IN the face of trade tensions between the United States and China, members of the American Chamber of Commerce in Singapore are delaying or cancelling investment plans, looking to other markets, and adjusting supply chains. In a survey of member firms conducted in November, 68 per cent of the 179 respondents said they were reviewing their business strategies in response to the trade war.

The most common move, taken by half of those who were reviewing their strategies, was delaying or cancelling investment decisions. But many are also looking for alternatives, including increasing their presence in other markets (40 per cent) and adjusting supply chains by sourcing components or assembly outside China (38 per cent) or outside the US (30 per cent).

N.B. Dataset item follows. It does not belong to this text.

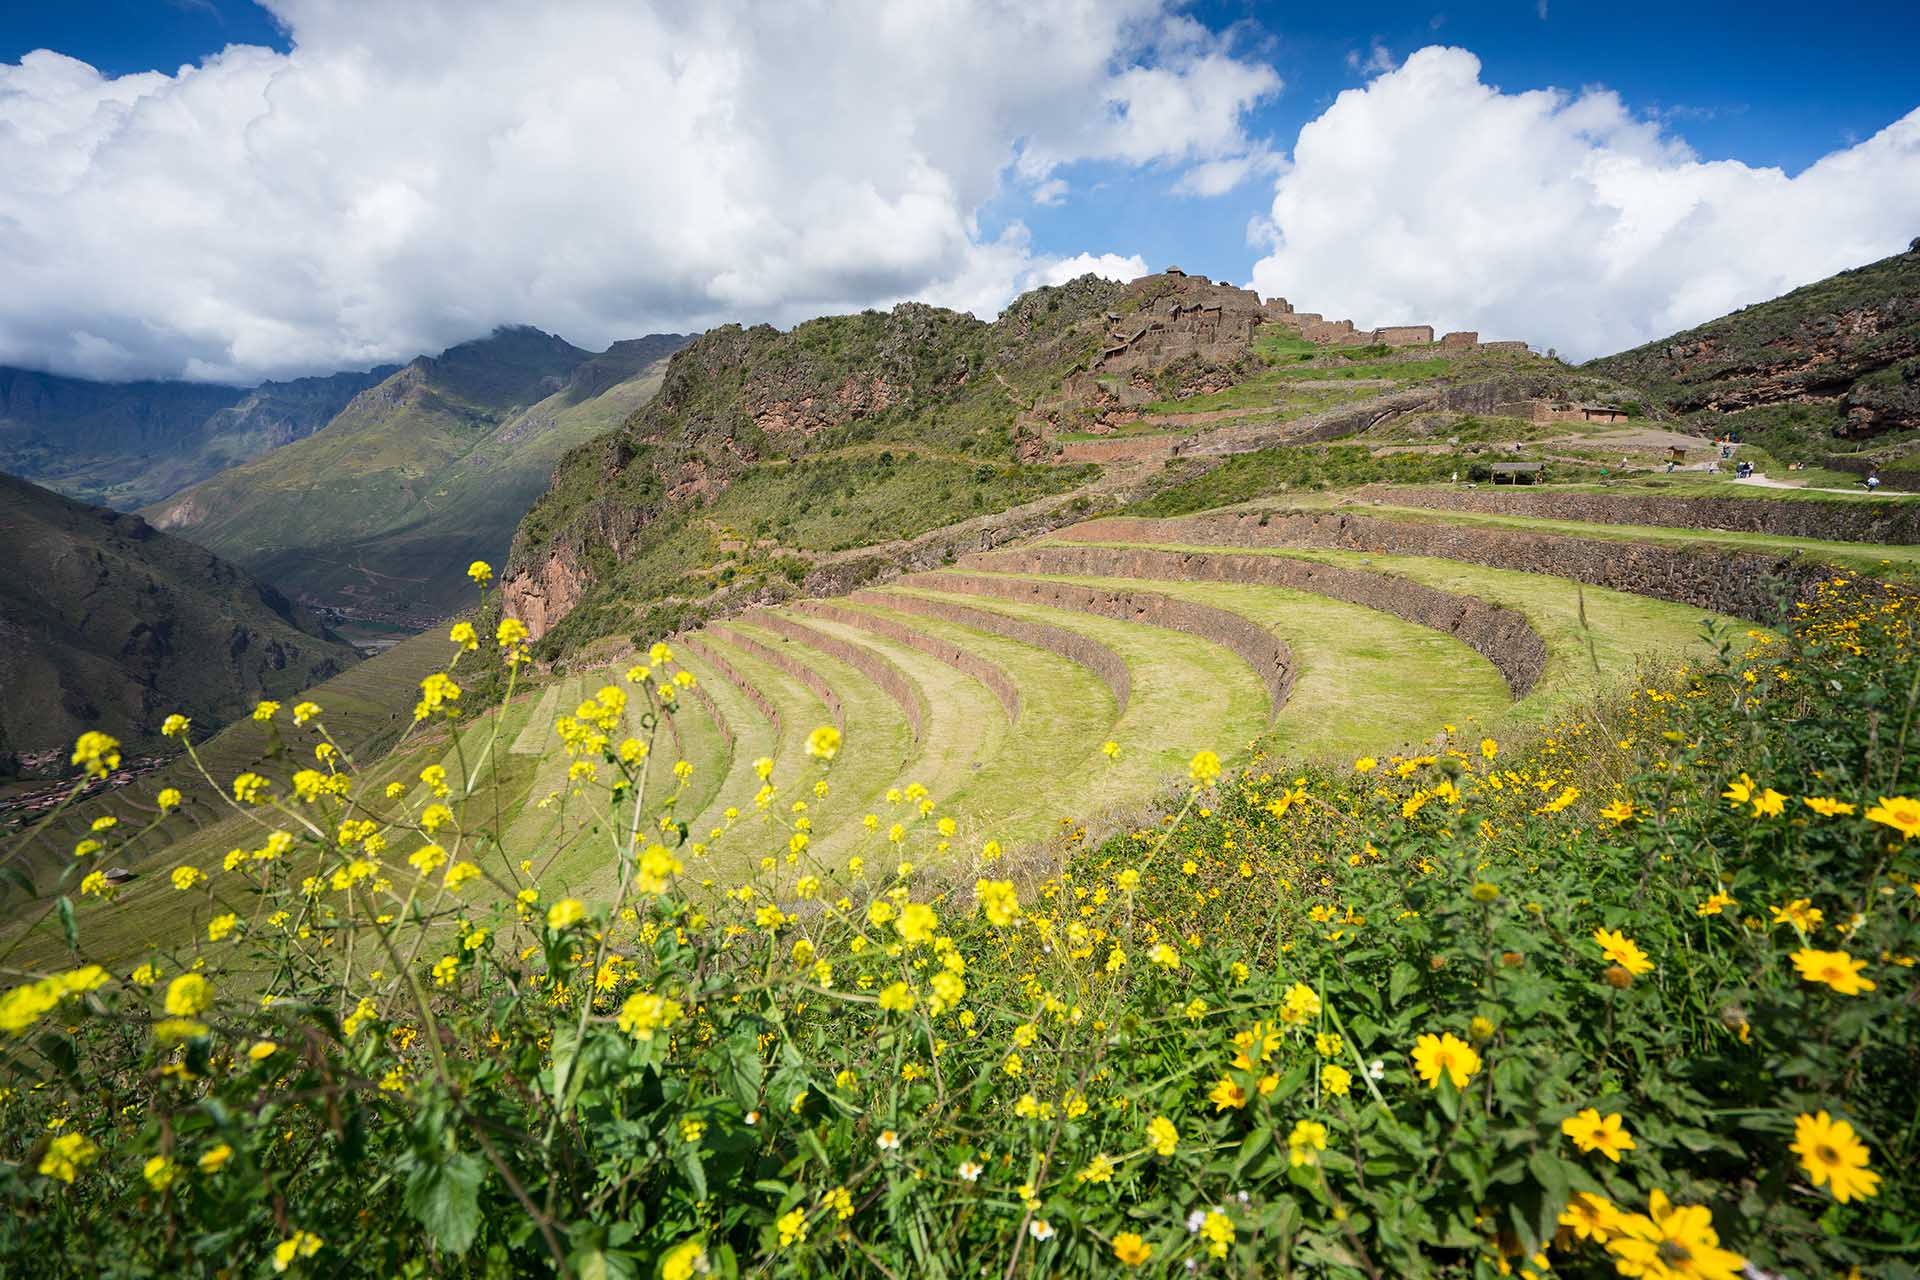 Zien in de Sacred Valley in Peru: drie highlights in één dag
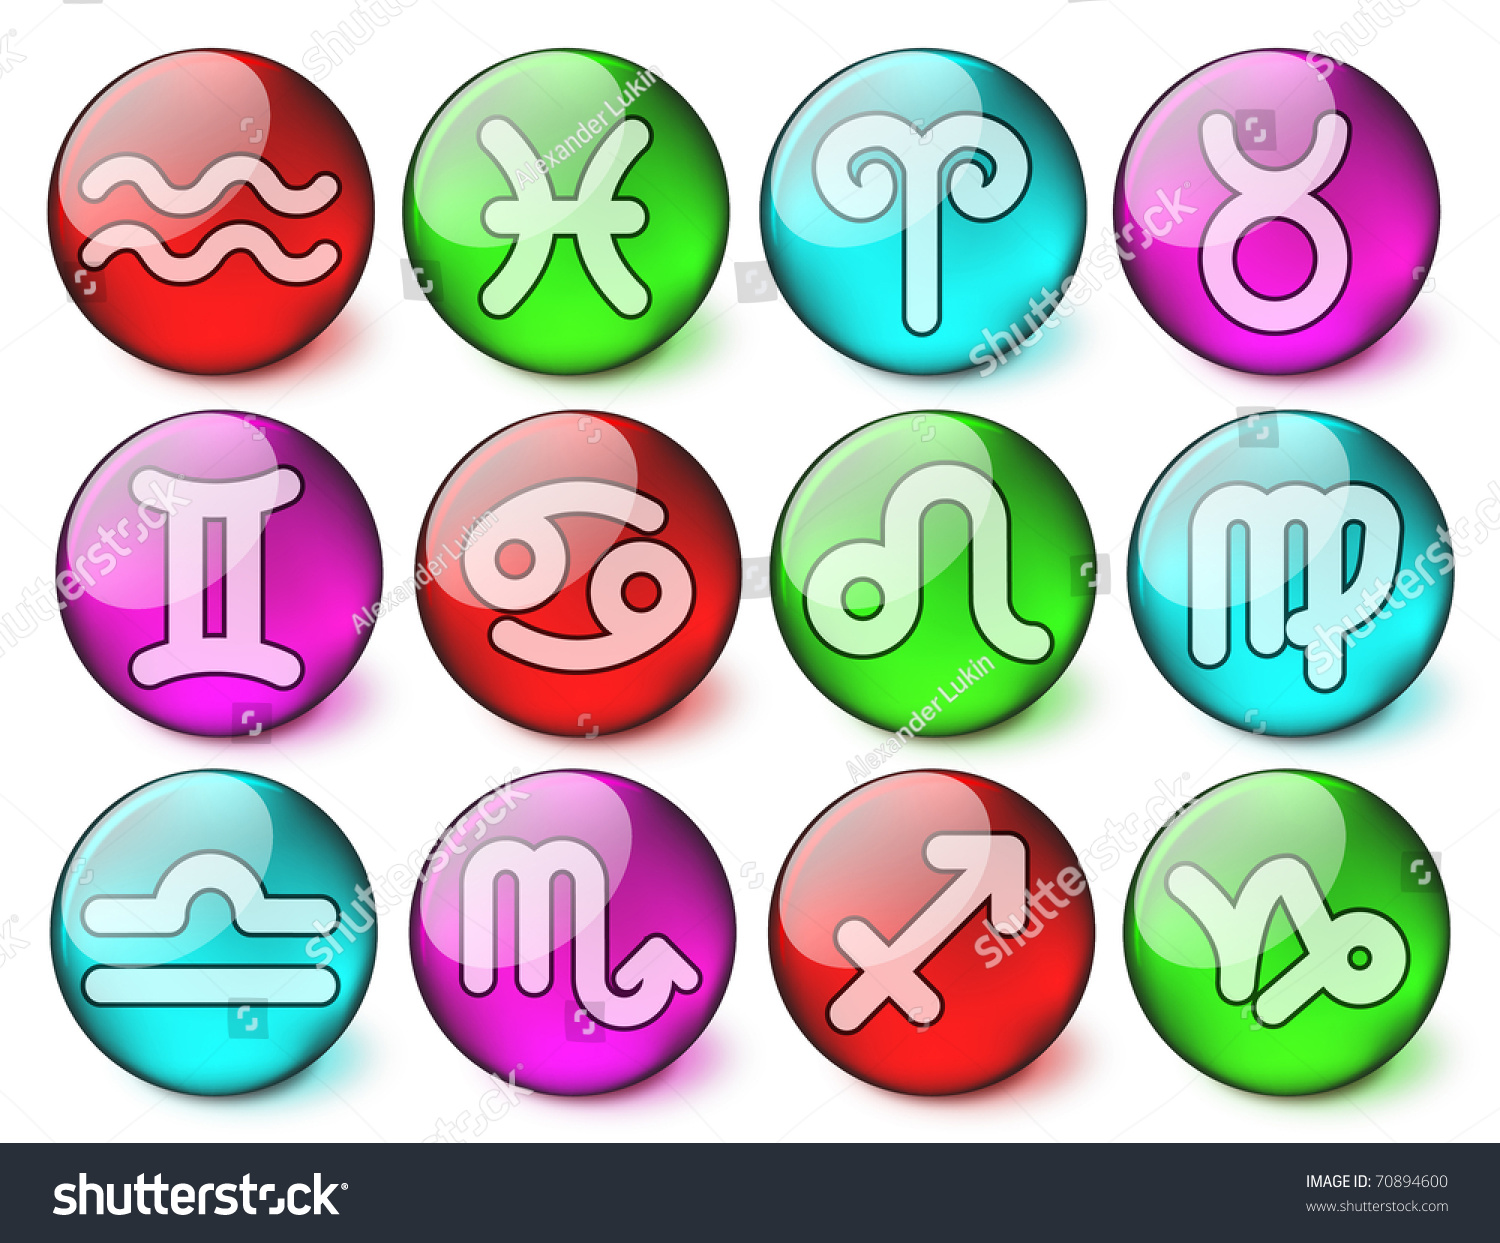 Zodiac Vector Iconset - Eps10 - 70894600 : Shutterstock

Some firms are also mulling more dramatic moves, with 15 per cent considering relocating some or all of their manufacturing operations out of China, 10 per cent considering a similar move out of the US, and 5 per cent considering exiting China altogether.

In a panel discussion at the launch of the survey results on Thursday, however, expert vice-president in Bain & Company's Singapore office Gerry Mattios noted that business leaders are still largely taking a "sit back and wait" approach when it comes to taking concrete action. Even though firms may be re-evaluating their supply chains, shifting manufacturing operations is both expensive and difficult, he noted.

Trade tensions notwithstanding, the survey found cautious optimism about the business outlook. Though 78 per cent of all respondents expressed concern about the trade war, only 14 per cent had a negative outlook for the coming six months. The majority (56 per cent) had a positive outlook for the coming six months, with another 30 per cent staying neutral.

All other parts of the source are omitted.